A: It began in 1980 when a coworker and I happened to drive past a sign for Hickam’s Worm Ranch. Half a block later, my colleague was laughing. I asked what was so funny. “I was just wondering,” he chortled, “whether worm ranchers use tiny little lariats to rope the worms, then brand them with tiny branding irons.”
The rest of our day’s work was repeatedly interrupted by a profusion of worm ranch one-liners as we bantered back and forth, each trying to outdo the other with increasingly preposterous descriptions of life on a worm ranch.
Not long thereafter, the young marrieds’ group from our church held a function in which each couple was invited to share how they met. It was at this juncture that worm ranching became a part of my personal “story” and took a romantic turn: I had met my wife when she was a can-can dancer at a saloon in Wyoming and I was employed at a nearby worm ranch. (I might add that we were seated in a circle which meant that I would go first. My dear bride, bless her heart, had suffered amnesia and could only corroborate the very last part of our story wherein we were reunited under rather mundane circumstances.)

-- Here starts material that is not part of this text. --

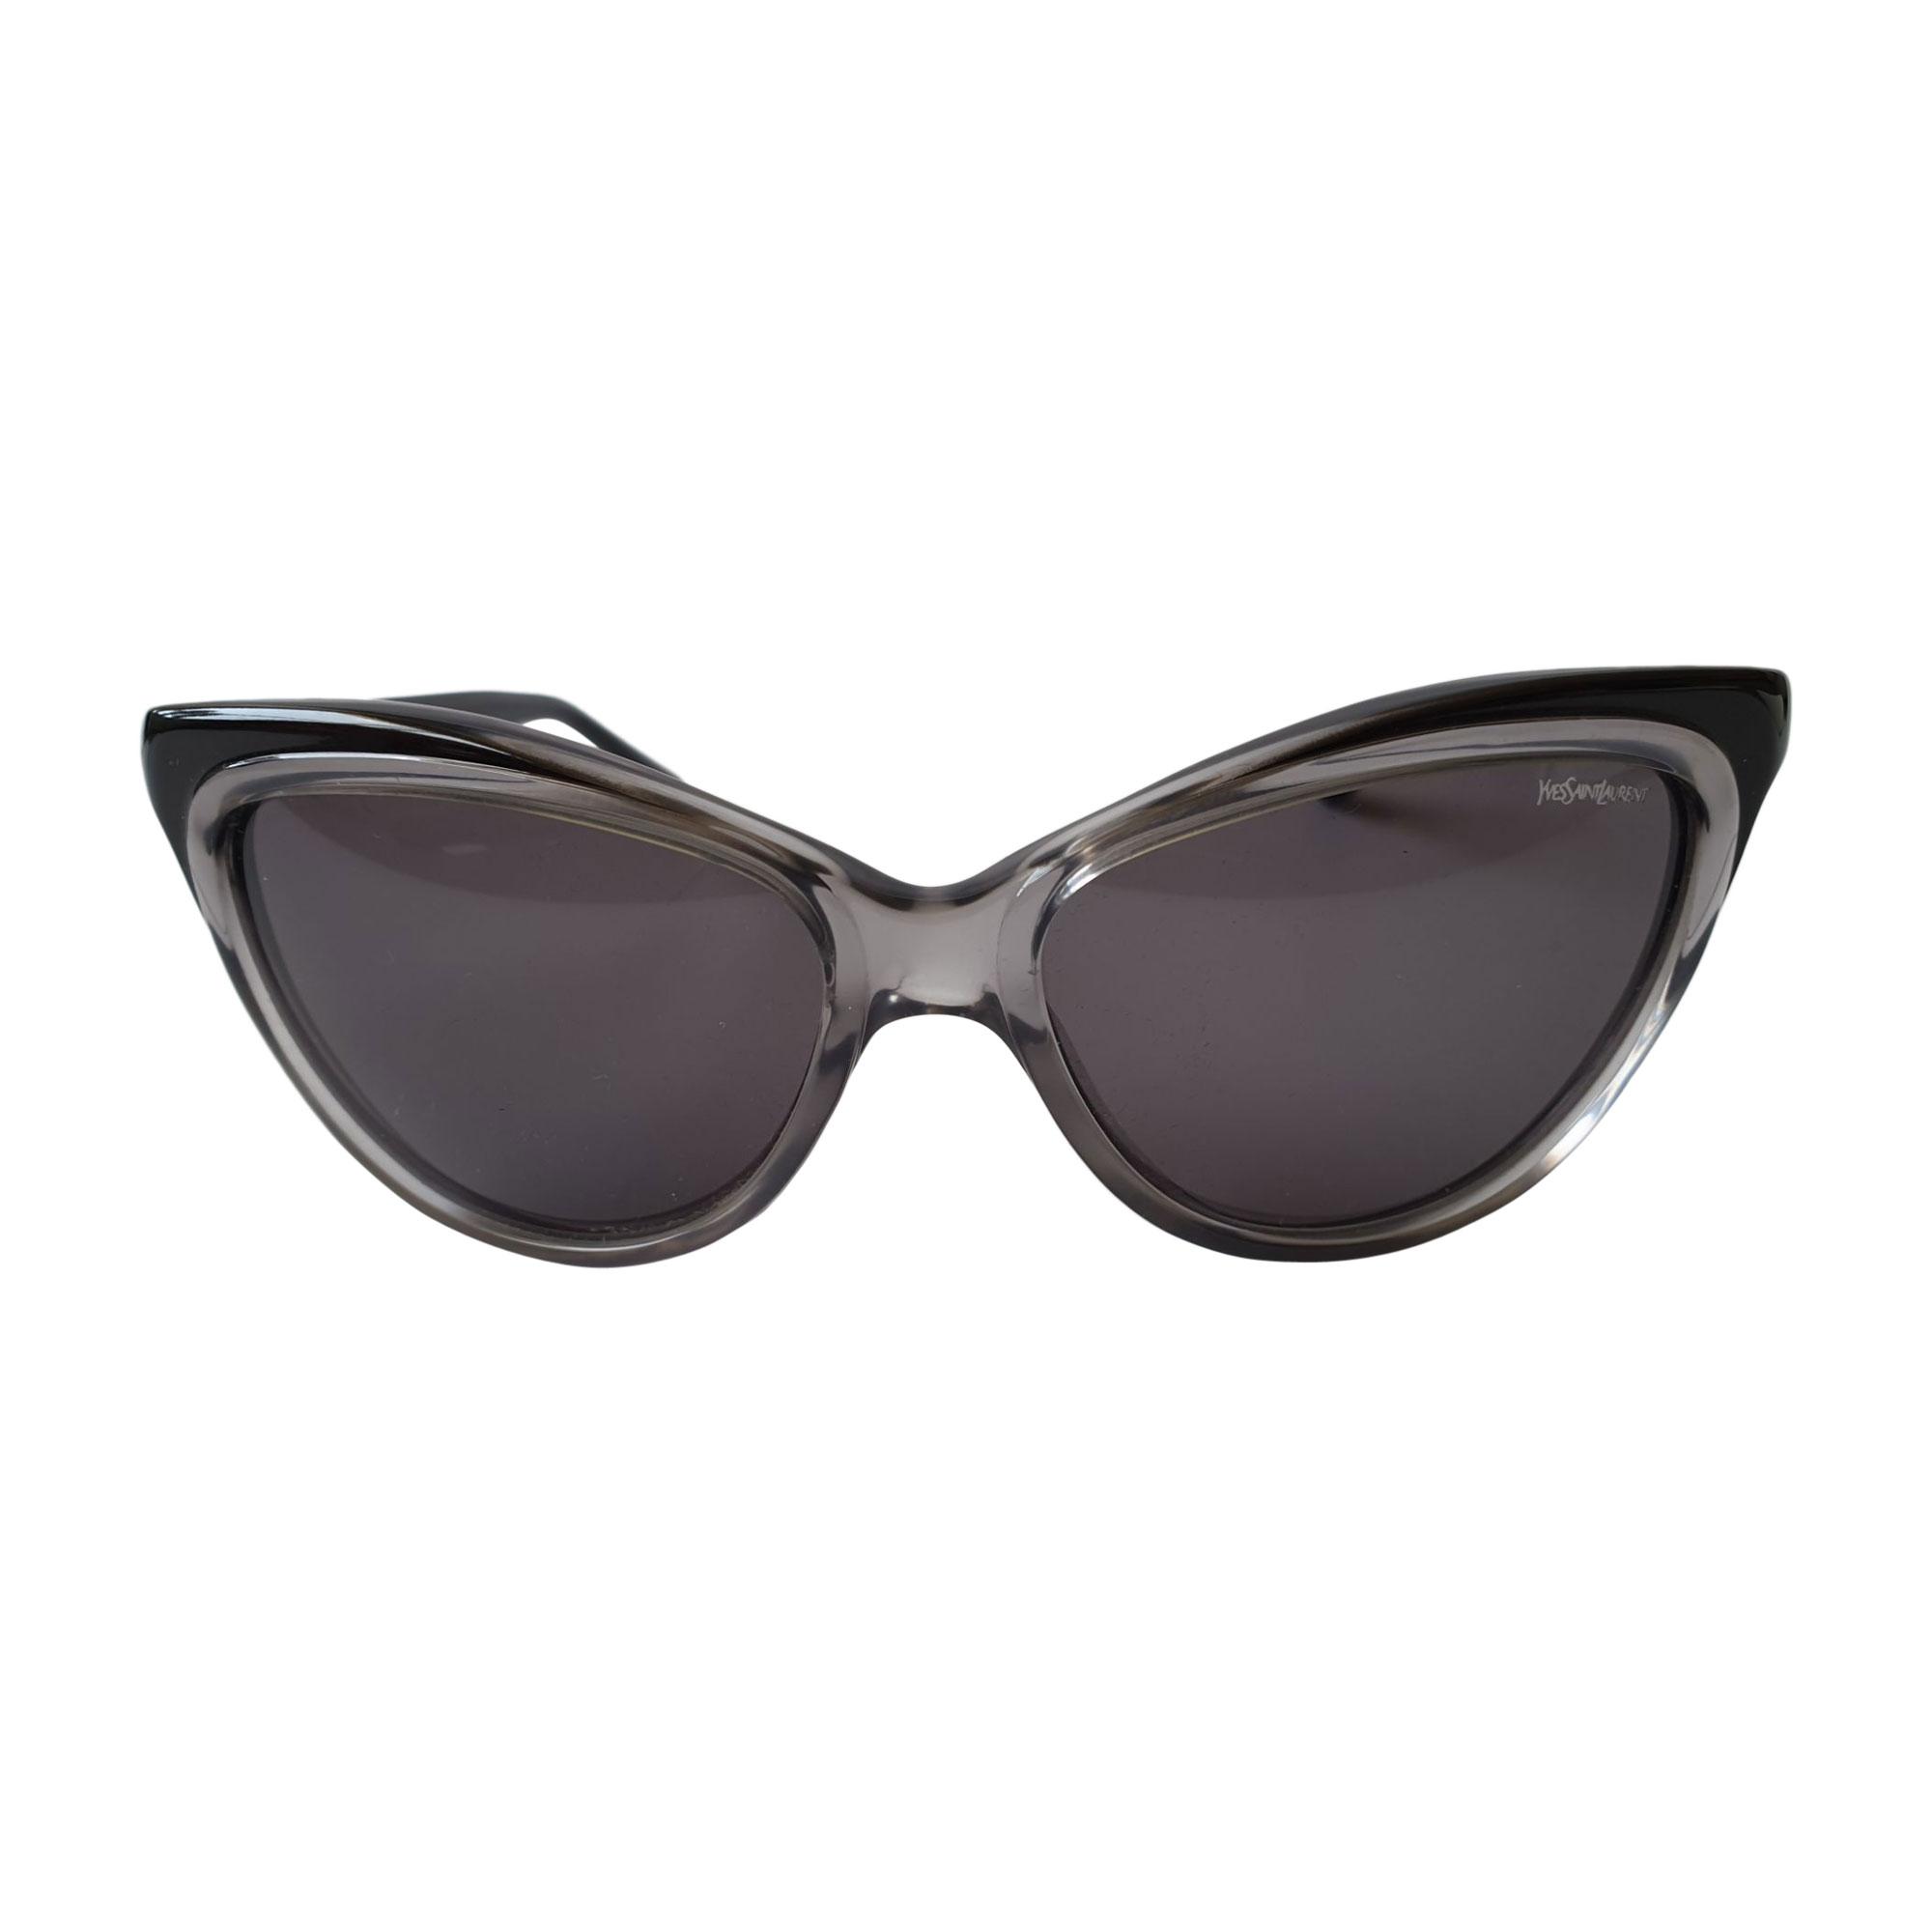 Sunglasses YVES SAINT LAURENT Gray, charcoal

Nonetheless, my extemporaneous recollections went over well enough that when the opportunity arose to provide entertainment for a Valentine’s Day dinner, I expanded the story into a 20-minute monolog complete with some of the traditional songs wormboys sang around the campfire.

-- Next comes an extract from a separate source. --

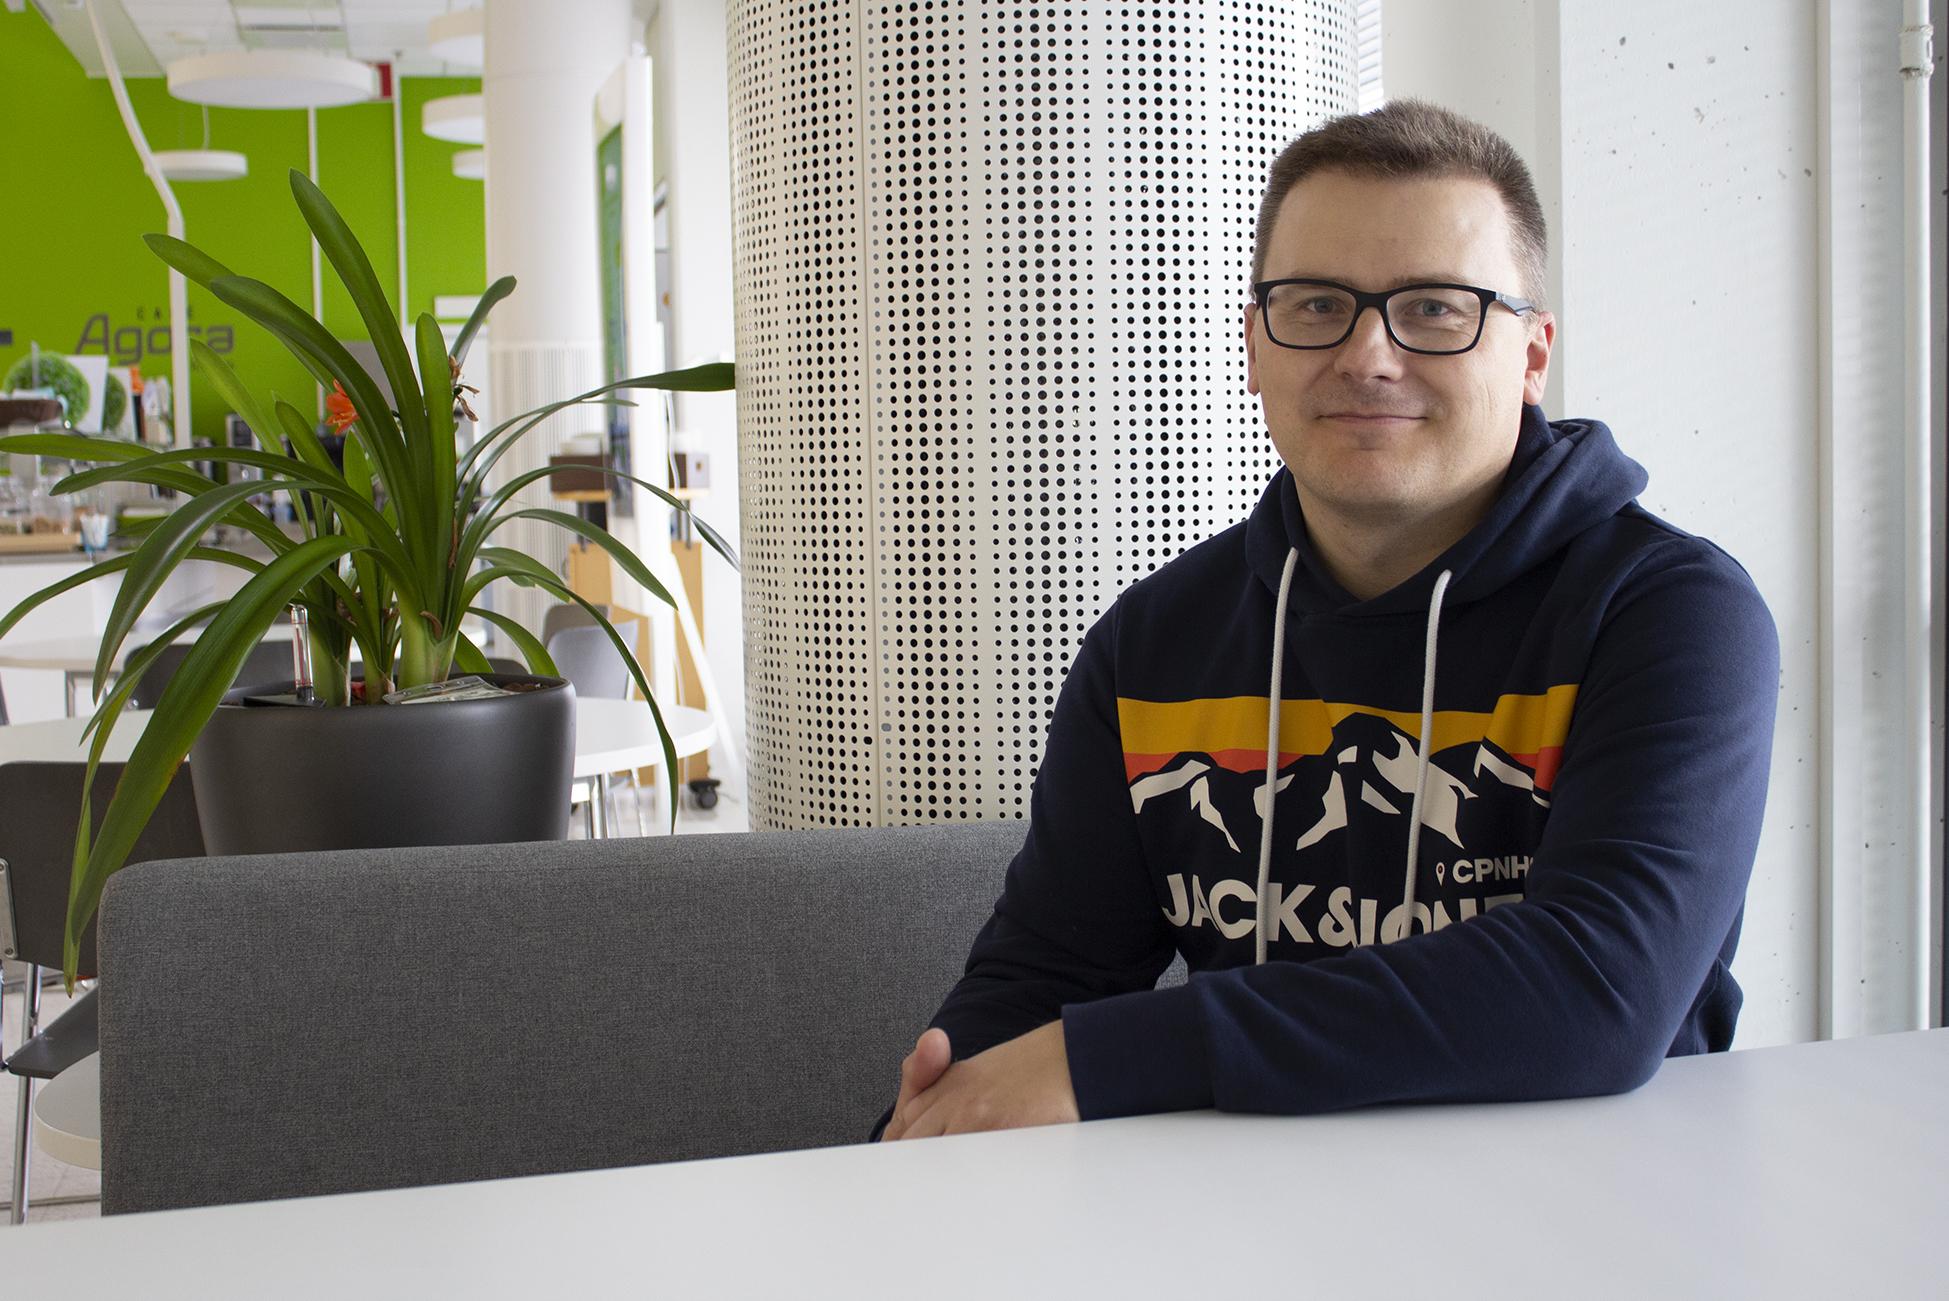 Tutkija Petri Linna, kuvituskuva

The element of rivalry between wormboys and cowboys arose when I realized some of the wormboys’ music, culture, and lore had been hijacked by Hollywood and rebranded (so to speak) as a portrayal of cowboy life. Presumably, to increase ticket sales, these media moguls had substituted thousand-head herds of cattle being driven down a dusty trail for the historically accurate million-head herds of worms driven on a slimy trail.
Thus, the “Western” had come into vogue with no regard for historical integrity. For example, wormboys almost never engaged in gunfights. And when they did there were few casualties. Wormboys are simply too skinny to make easy targets.

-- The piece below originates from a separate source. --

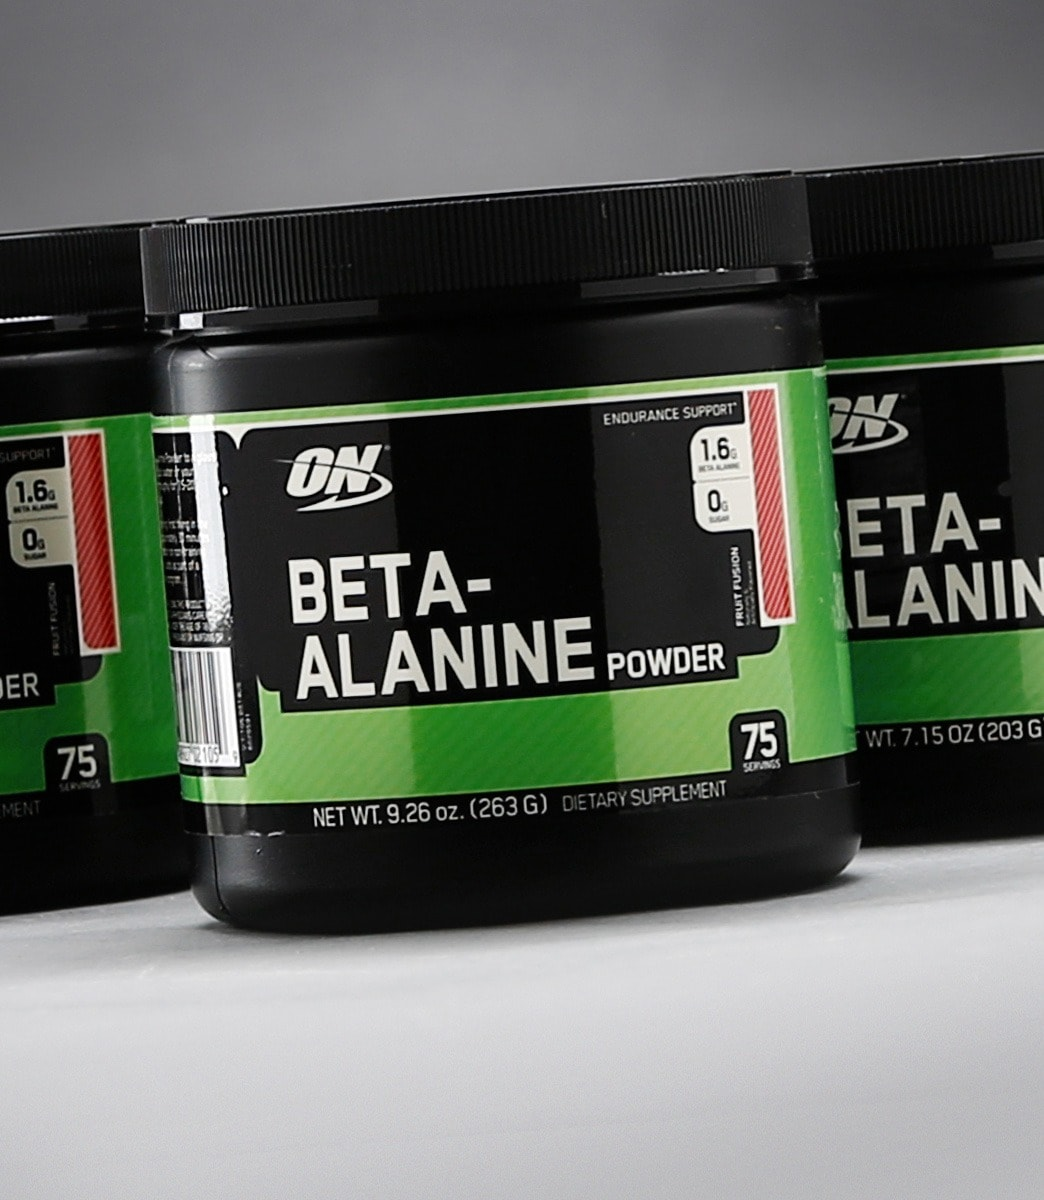 Optimum Nutrition - Beta-Alanine Powder (75 lần dùng) - 4726e06bdf4b6bd02e59f6f8ffd91fc7

Nashville committed a similarly egregious usurping of wormboy ballads, churning out butchered reworkings of such classics as “Streets of El Wormo” “My Heroes Have Always Been Wormboys” and even spinning, “Rawhide” from the beloved classic, “Wormslime.”
As a life-long champion of truth, I felt compelled to make a stand. From that point on I was on a mission to set the record straight.
And the rest, as they say, is fiction. Thirty-seven years later, my carefully researched and thoroughly fact-free expose’ of wormboy life and culture was ready for the world to hear.